Enterprise AI Governance Moves from Desktop to Data Center

As agentic AI spreads, enterprise AI governance is becoming just as important as model performance. ServiceNow’s collaboration with NVIDIA illustrates how vendors are racing to add enterprise AI guardrails and workflow automation control layers. Project Arc, a desktop-based autonomous agent, operates inside a governed runtime secured by NVIDIA OpenShell, which sandboxes activity and enforces policy-based management. ServiceNow’s AI Control Tower provides central oversight, logging files accessed, commands executed and APIs called, extending visibility across desktops and into data center AI infrastructure. This approach acknowledges that buying an agent is only half the battle; organizations must also see and constrain what it is doing in real time. By integrating with configuration management databases and operational histories, platforms aim to create auditable, policy-driven environments where autonomous agents can act safely at scale, without sacrificing speed to value.

Why Most Enterprises Aren't Ready for Agentic AI—and How to Close the Gap

Control Towers, Not Chaos: How Leaders Are Scaling Responsibly

Leading enterprises are responding to the governance challenge by building control towers that unify oversight across finance, HR, legal, procurement and technology workflows. FedEx, for instance, is leveraging ServiceNow to create a digital backbone that orchestrates millions of workflows spanning hire-to-retire, service-to-pay and ship-to-collect processes. By layering an AI Control Tower on top, the company aims to ensure its agentic AI implementations remain responsible, secure and trustworthy, even as they scale to support complex global operations and supply chains. This model reflects a broader shift away from scattered, department-level automation toward interconnected enterprise AI governance. Instead of letting agents proliferate in silos, organizations centralize monitoring, policy enforcement and exception handling. The result is a more controlled path to productivity gains: enterprises can move faster while still meeting risk, compliance and reliability expectations.

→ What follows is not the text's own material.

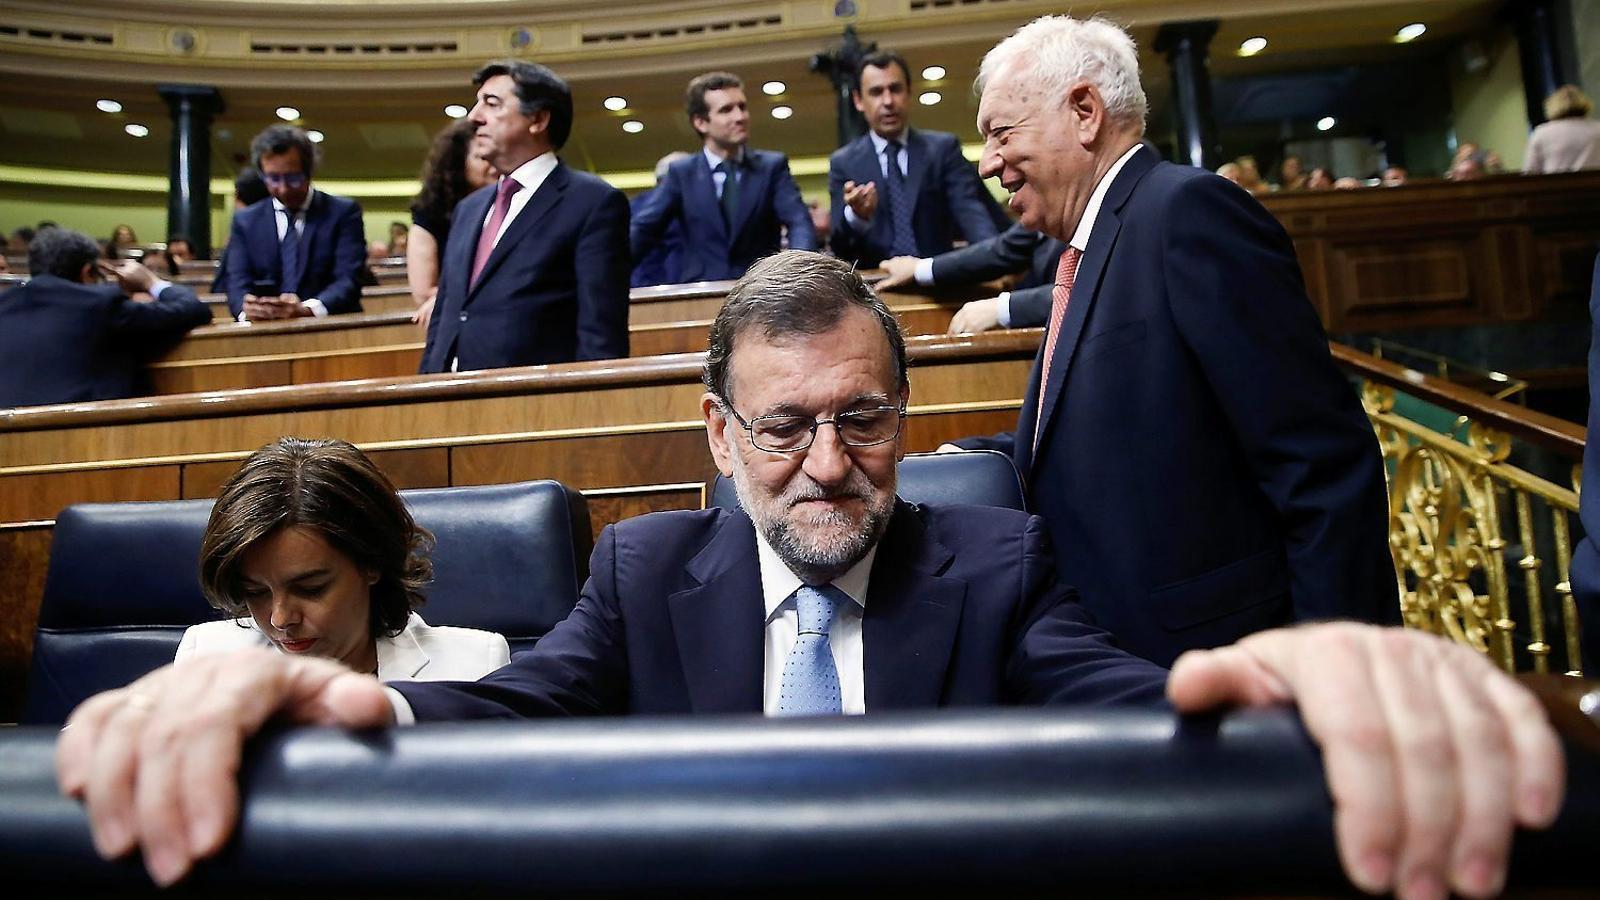 Mariano Rajoy i la seva número dos, Soraya Sáenz de Santamaría, durant el ple de constitució del Congrés.

Why Most Enterprises Aren't Ready for Agentic AI—and How to Close the Gap

Closing the Readiness Gap: Governance, Simplification and Visibility

The gap between AI implementation readiness and technology maturity stems less from algorithms and more from organizational design. Experiences from large enterprises show that simplification—such as driving platforms closer to out-of-the-box configurations and reducing technical debt—dramatically improves upgrade velocity and makes new AI features easier to consume. In parallel, enterprises must invest in enterprise AI governance frameworks, including sandboxed runtimes, policy engines and AI control towers that provide end-to-end visibility into agent behavior. Monitoring tools should track not only outcomes but also the paths agents take across systems, enabling rapid rollback and continuous improvement. Finally, workflows and customer journeys must be redesigned with agents in mind, ensuring they can act across systems through well-governed APIs. Enterprises that tackle these governance, control and architectural issues now will be best positioned to turn agentic AI from a risky experiment into a durable competitive advantage.